Gay Marriage Does Not Screw Up Marriage

Many would claim that the recent ruling by the 9th Circuit Court of Appeals in California on Proposition 8’s constitutionality has set a precedent that will doom marriage by accepting same sex couples. This is not only untrue, but sensationalizing an issue that should not have been this contentious. If the federal government declares through an amendment in the future that, like bans in interracial marriage, amendments in the state constitutions that say marriage is only between a man and a woman are discriminatory and unconstitutional, this only makes gay couples equal in the eyes of civil law. Religions can still claim that those marriages are not ordained by God and refuse to officiate those ceremonies; their first amendment rights are protected even under such a declaration by the secular authorities. By no means would either secular or sacred marriage be destroyed or denigrated by the acceptance of gay marriage by society at large, except those who would prefer to stay in a previous generation, which is their right as long as they do not infringe upon those of others, such as the GLBT community when concerned with the supposed sanctity of marriage, which disappeared in cultural eyes when no fault divorce laws were passed.

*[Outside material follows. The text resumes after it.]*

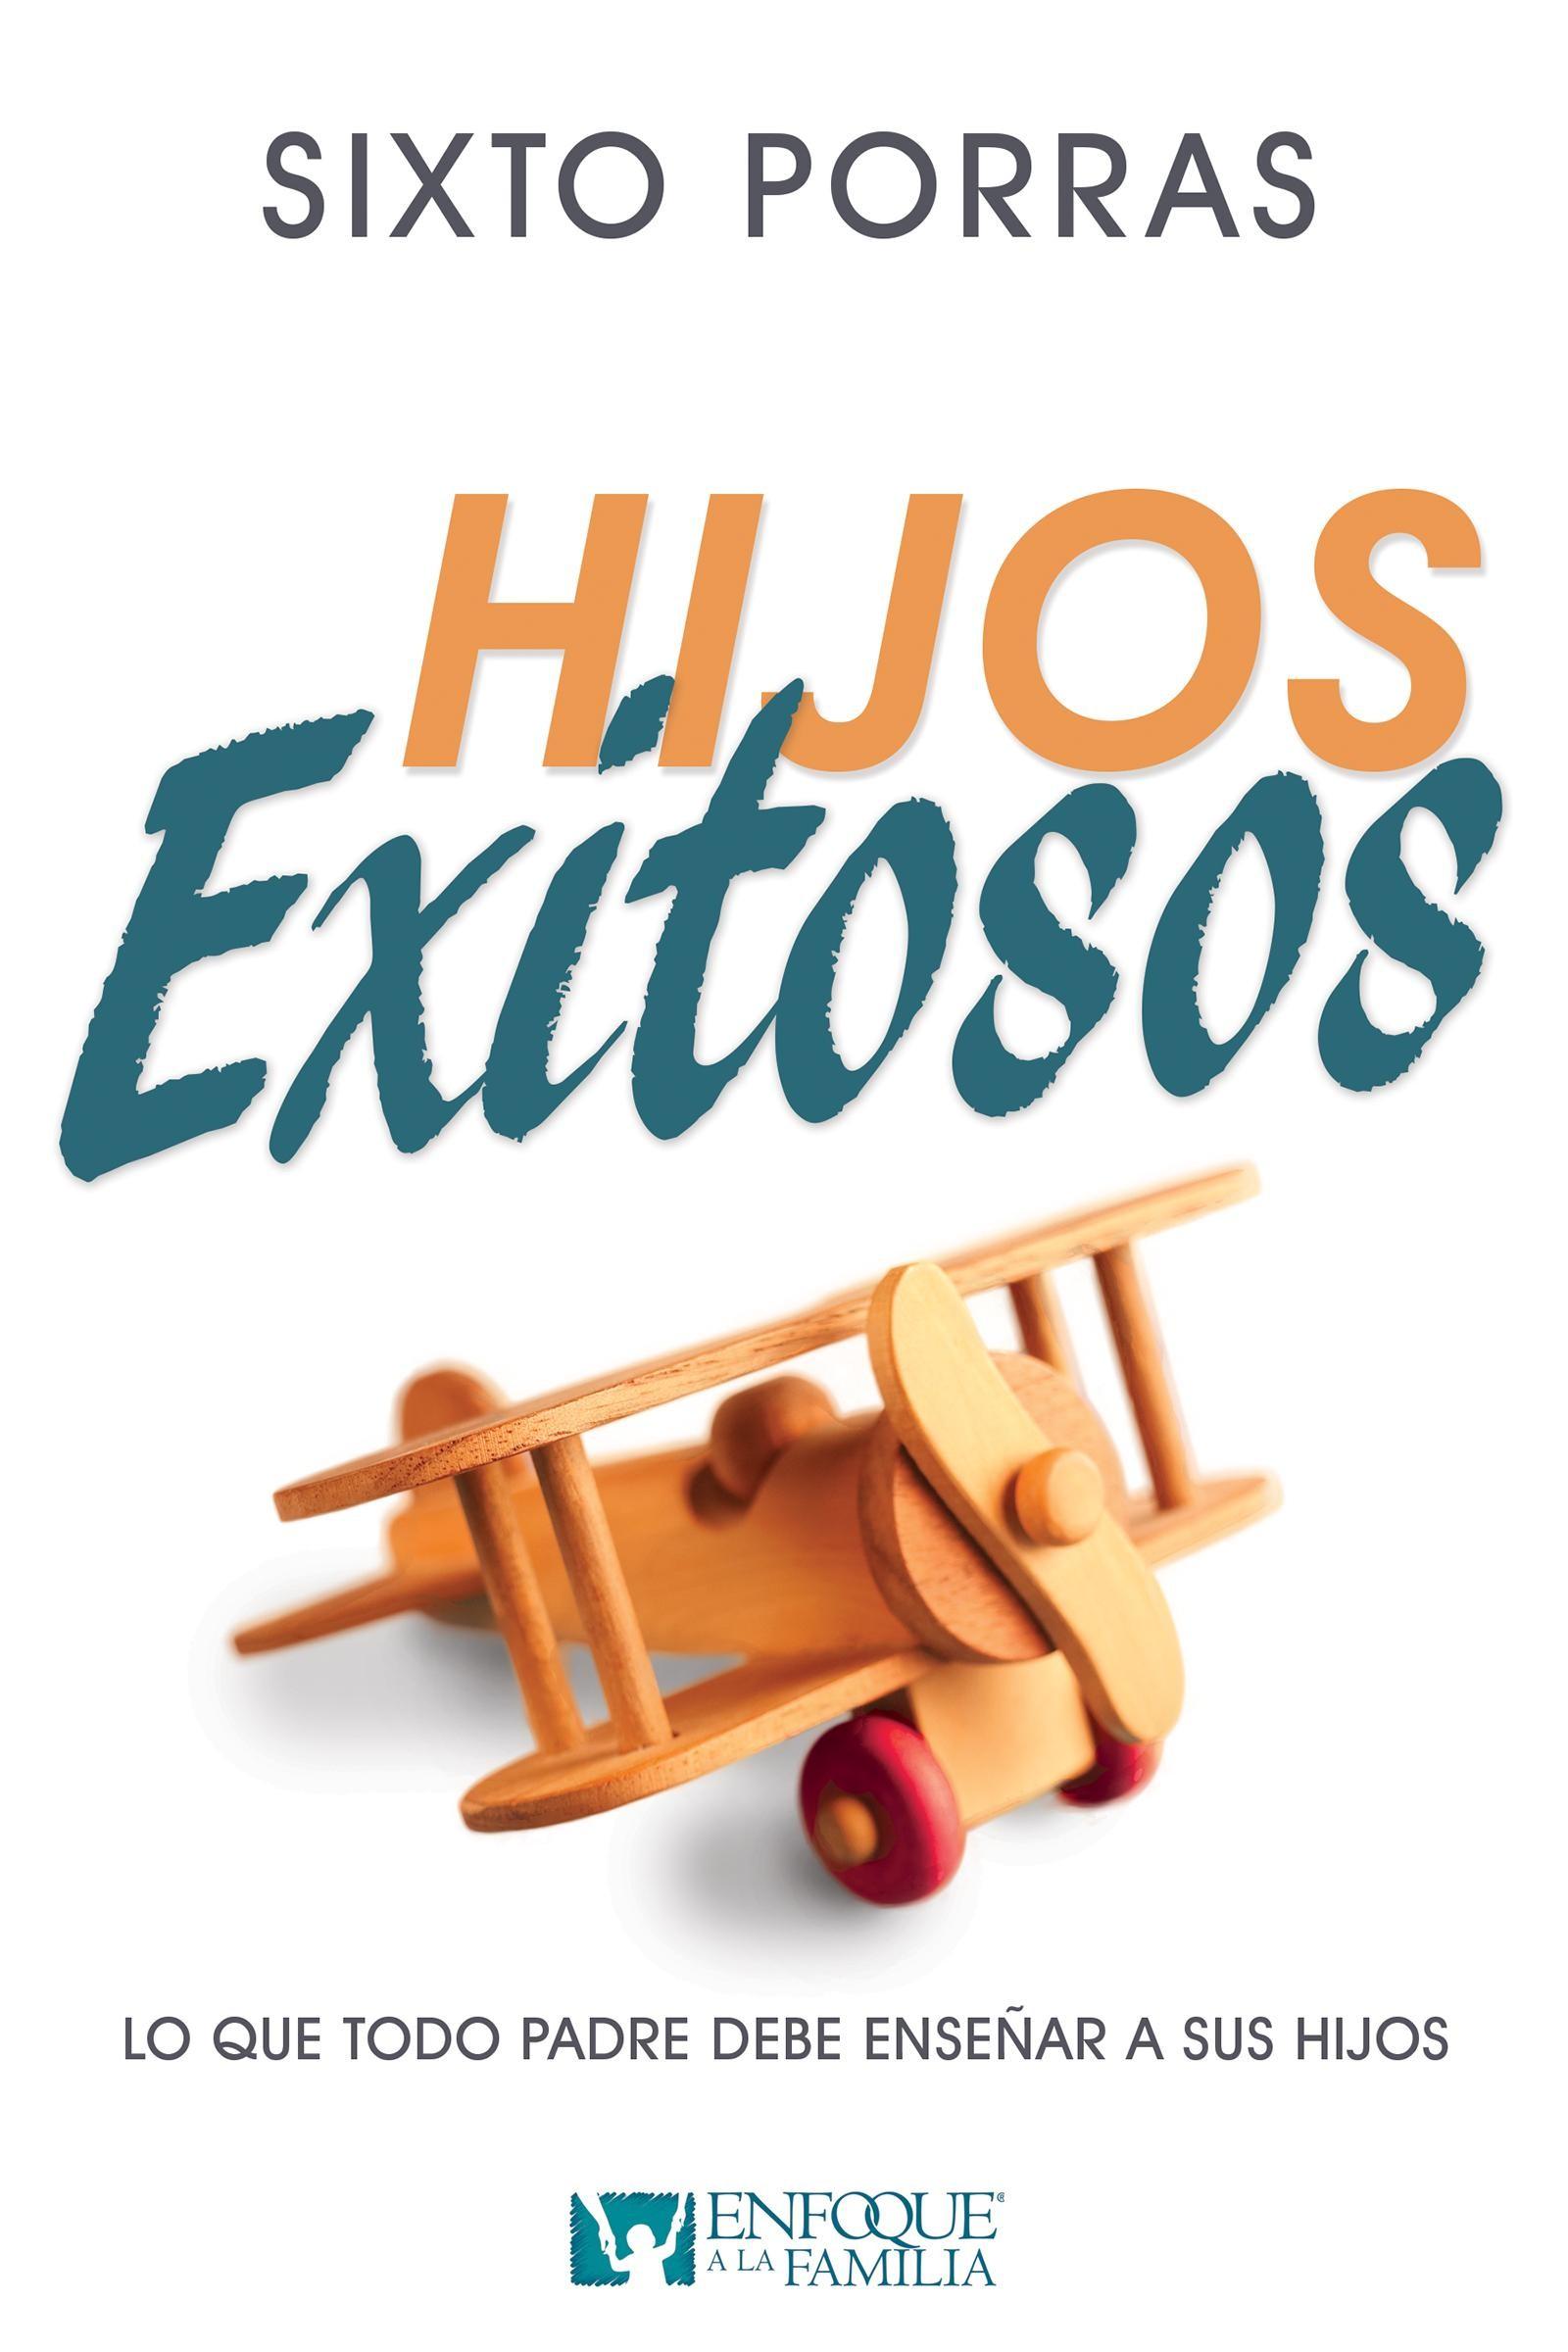 Hijos Exitosos  - 9781629118772 - Porras, Sixto

That sort of lazy approach to annulling marriages did more damage than gay marriage would ever do if passed across the country. Just because a religious definition of marriage is opposed by a secular law’s adjustment and allowance of gay people does not undermine or negate that definition in culture and society. It can remain, but by legal precedent, gays would be afforded the same title and rights, not merely the rights without the title, which is not solely the property of religion.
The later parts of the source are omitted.